Ника решила, что он обратился к ней только затем, чтобы услышать ее голос. Потому что доктора одолевали сомнения. Менее всего ей хотелось их развеивать. Лучший выход для нее, если бы каждый остался при своем. Док при сомнениях, она с попутчиками. Неизвестно, как поведет себя Грек, разгадав ее тайну. А с болота ей самостоятельно не выйти. Тут не помогут ни карта, ни везенье. Вот почему Ника долго молчала, готовясь ответить максимально низким голосом, на который была способна.
– С ним все в порядке, Док. Парень вчера спас мне жизнь.
– Да? Это замечательно. Что же… – Док вздохнул. – Пора мне. Как зовут твоего спасителя, чтобы знать, на кого в Зоне можно положиться? Да ты, парень, может, сам назовешься?
– Очкарик он, – не выдержал Макс, для которого подоплека неожиданных вопросов так и осталась неизвестной.
Он просто не мог смириться с тем, что его исключили из разговора.

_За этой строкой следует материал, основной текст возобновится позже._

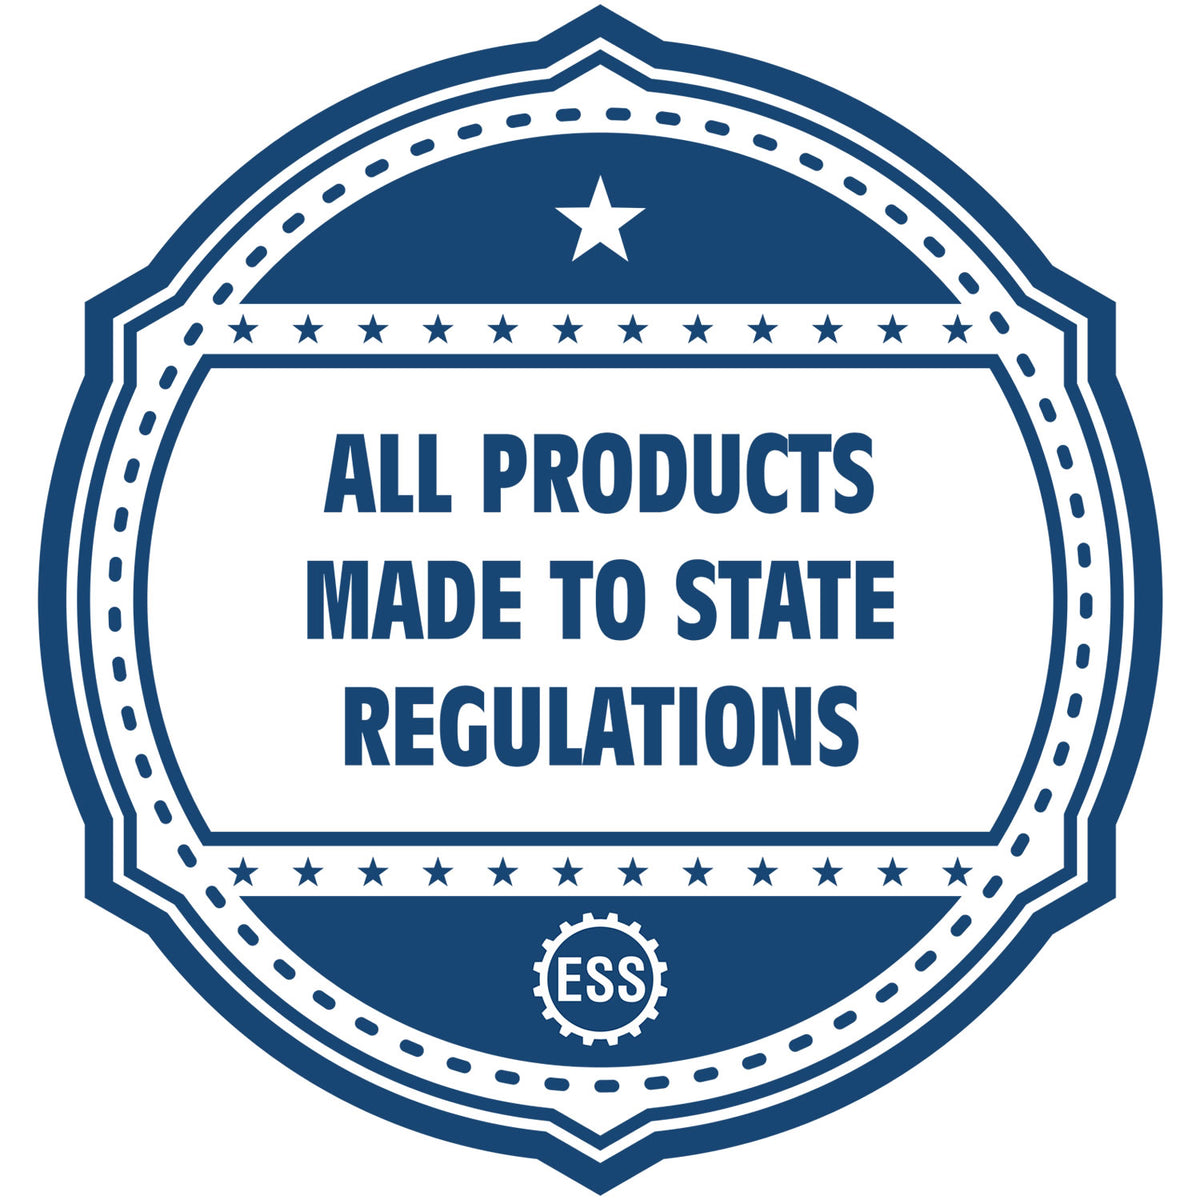 An icon or badge element for the Slim Pre-Inked State Seal Notary Stamp for Alabama showing that this product is made in compliance with state regulations.

Доктор окинул девушку на прощанье долгим взглядом, кивнул и исчез. Туман сомкнулся за его спиной.
А у Ники словно камень с души свалился.
Грек
Врал парень, определенно врал. Не нужно иметь семи пядей во лбу, чтобы заметить, как он хромает. А спросишь – все в порядке.
Тут Краба угораздило оступиться и напороться на болотного ежа. В самой обычной трясине, между прочим, а не в какой-нибудь болотной штучке. Так битый час скулил, демонстрируя свои царапины. Клешни растопырил – не в смысле пальцы свои уродливые, а руки вообще, где иглы засели, – и скулит. Между тем сам виноват. Какого черта в болоте шарить стал? Или потерял чего? Оступился, так поднимайся осторожно, лишний раз руки в грязь не опускай. Болотные твари к теплу неравнодушны. В ботинках ходи по болоту хоть год, успевай только ноги из топи выдергивать. Конечно, лучше на одном месте подолгу не стоять, но это другой вопрос. А голое тело для ежа – все равно что маячок «кушать подано».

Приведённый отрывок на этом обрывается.